Would you please restate all of the data exactly?

[Material shown Boundary: Start]

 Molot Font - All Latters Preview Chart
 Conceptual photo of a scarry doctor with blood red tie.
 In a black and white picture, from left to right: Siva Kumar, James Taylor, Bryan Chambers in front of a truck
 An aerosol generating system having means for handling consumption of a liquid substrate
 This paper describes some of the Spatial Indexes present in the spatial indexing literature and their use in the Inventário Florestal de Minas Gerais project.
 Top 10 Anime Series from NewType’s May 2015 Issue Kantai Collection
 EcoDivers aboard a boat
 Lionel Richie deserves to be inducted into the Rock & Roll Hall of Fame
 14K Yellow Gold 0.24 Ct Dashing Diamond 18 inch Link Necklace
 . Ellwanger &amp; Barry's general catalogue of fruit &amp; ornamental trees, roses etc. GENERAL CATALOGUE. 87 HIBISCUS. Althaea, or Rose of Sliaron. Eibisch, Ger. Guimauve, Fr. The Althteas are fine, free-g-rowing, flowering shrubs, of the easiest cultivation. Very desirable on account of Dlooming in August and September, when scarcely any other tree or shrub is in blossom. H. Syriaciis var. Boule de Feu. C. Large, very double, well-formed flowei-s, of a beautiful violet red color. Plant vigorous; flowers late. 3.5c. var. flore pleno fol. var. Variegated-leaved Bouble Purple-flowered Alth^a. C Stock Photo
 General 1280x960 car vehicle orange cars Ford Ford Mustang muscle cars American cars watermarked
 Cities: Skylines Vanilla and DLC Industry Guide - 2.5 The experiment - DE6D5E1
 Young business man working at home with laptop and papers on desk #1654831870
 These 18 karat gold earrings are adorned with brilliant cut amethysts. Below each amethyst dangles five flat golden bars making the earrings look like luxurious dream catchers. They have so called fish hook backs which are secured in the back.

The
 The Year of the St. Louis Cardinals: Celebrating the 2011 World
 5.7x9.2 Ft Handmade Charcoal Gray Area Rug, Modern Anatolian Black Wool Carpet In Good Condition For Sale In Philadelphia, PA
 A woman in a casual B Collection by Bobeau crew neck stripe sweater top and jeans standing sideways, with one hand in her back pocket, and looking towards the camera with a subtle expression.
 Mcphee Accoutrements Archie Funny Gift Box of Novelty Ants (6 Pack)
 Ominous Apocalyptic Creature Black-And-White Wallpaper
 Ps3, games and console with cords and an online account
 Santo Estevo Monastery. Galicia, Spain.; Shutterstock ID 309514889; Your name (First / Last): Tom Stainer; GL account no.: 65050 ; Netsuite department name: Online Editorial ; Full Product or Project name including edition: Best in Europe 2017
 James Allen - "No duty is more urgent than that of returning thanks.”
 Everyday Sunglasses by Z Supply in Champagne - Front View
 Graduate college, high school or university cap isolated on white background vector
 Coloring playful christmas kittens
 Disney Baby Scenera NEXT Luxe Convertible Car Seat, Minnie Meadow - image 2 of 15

[Material shown Boundary: End]

- [Response below]
 Molot Font - All Latters Preview Chart
 Conceptual photo of a scarry doctor with blood red tie.
 In a black and white picture, from left to right: Siva Kumar, James Taylor, Bryan Chambers in front of a truck
 An aerosol generating system having means for handling consumption of a liquid substrate
 This paper describes some of the Spatial Indexes present in the spatial indexing literature and their use in the Inventário Florestal de Minas Gerais project.
 Top 10 Anime Series from NewType’s May 2015 Issue Kantai Collection
 EcoDivers aboard a boat
 Lionel Richie deserves to be inducted into the Rock & Roll Hall of Fame
 14K Yellow Gold 0.24 Ct Dashing Diamond 18 inch Link Necklace
 . Ellwanger &amp; Barry's general catalogue of fruit &amp; ornamental trees, roses etc. GENERAL CATALOGUE. 87 HIBISCUS. Althaea, or Rose of Sliaron. Eibisch, Ger. Guimauve, Fr. The Althteas are fine, free-g-rowing, flowering shrubs, of the easiest cultivation. Very desirable on account of Dlooming in August and September, when scarcely any other tree or shrub is in blossom. H. Syriaciis var. Boule de Feu. C. Large, very double, well-formed flowei-s, of a beautiful violet red color. Plant vigorous; flowers late. 3.5c. var. flore pleno fol. var. Variegated-leaved Bouble Purple-flowered Alth^a. C Stock Photo
 General 1280x960 car vehicle orange cars Ford Ford Mustang muscle cars American cars watermarked
 Cities: Skylines Vanilla and DLC Industry Guide - 2.5 The experiment - DE6D5E1
 Young business man working at home with laptop and papers on desk #1654831870
 These 18 karat gold earrings are adorned with brilliant cut amethysts. Below each amethyst dangles five flat golden bars making the earrings look like luxurious dream catchers. They have so called fish hook backs which are secured in the back.

The
 The Year of the St. Louis Cardinals: Celebrating the 2011 World
 5.7x9.2 Ft Handmade Charcoal Gray Area Rug, Modern Anatolian Black Wool Carpet In Good Condition For Sale In Philadelphia, PA
 A woman in a casual B Collection by Bobeau crew neck stripe sweater top and jeans standing sideways, with one hand in her back pocket, and looking towards the camera with a subtle expression.
 Mcphee Accoutrements Archie Funny Gift Box of Novelty Ants (6 Pack)
 Ominous Apocalyptic Creature Black-And-White Wallpaper
 Ps3, games and console with cords and an online account
 Santo Estevo Monastery. Galicia, Spain.; Shutterstock ID 309514889; Your name (First / Last): Tom Stainer; GL account no.: 65050 ; Netsuite department name: Online Editorial ; Full Product or Project name including edition: Best in Europe 2017
 James Allen - "No duty is more urgent than that of returning thanks.”
 Everyday Sunglasses by Z Supply in Champagne - Front View
 Graduate college, high school or university cap isolated on white background vector
 Coloring playful christmas kittens
 Disney Baby Scenera NEXT Luxe Convertible Car Seat, Minnie Meadow - image 2 of 15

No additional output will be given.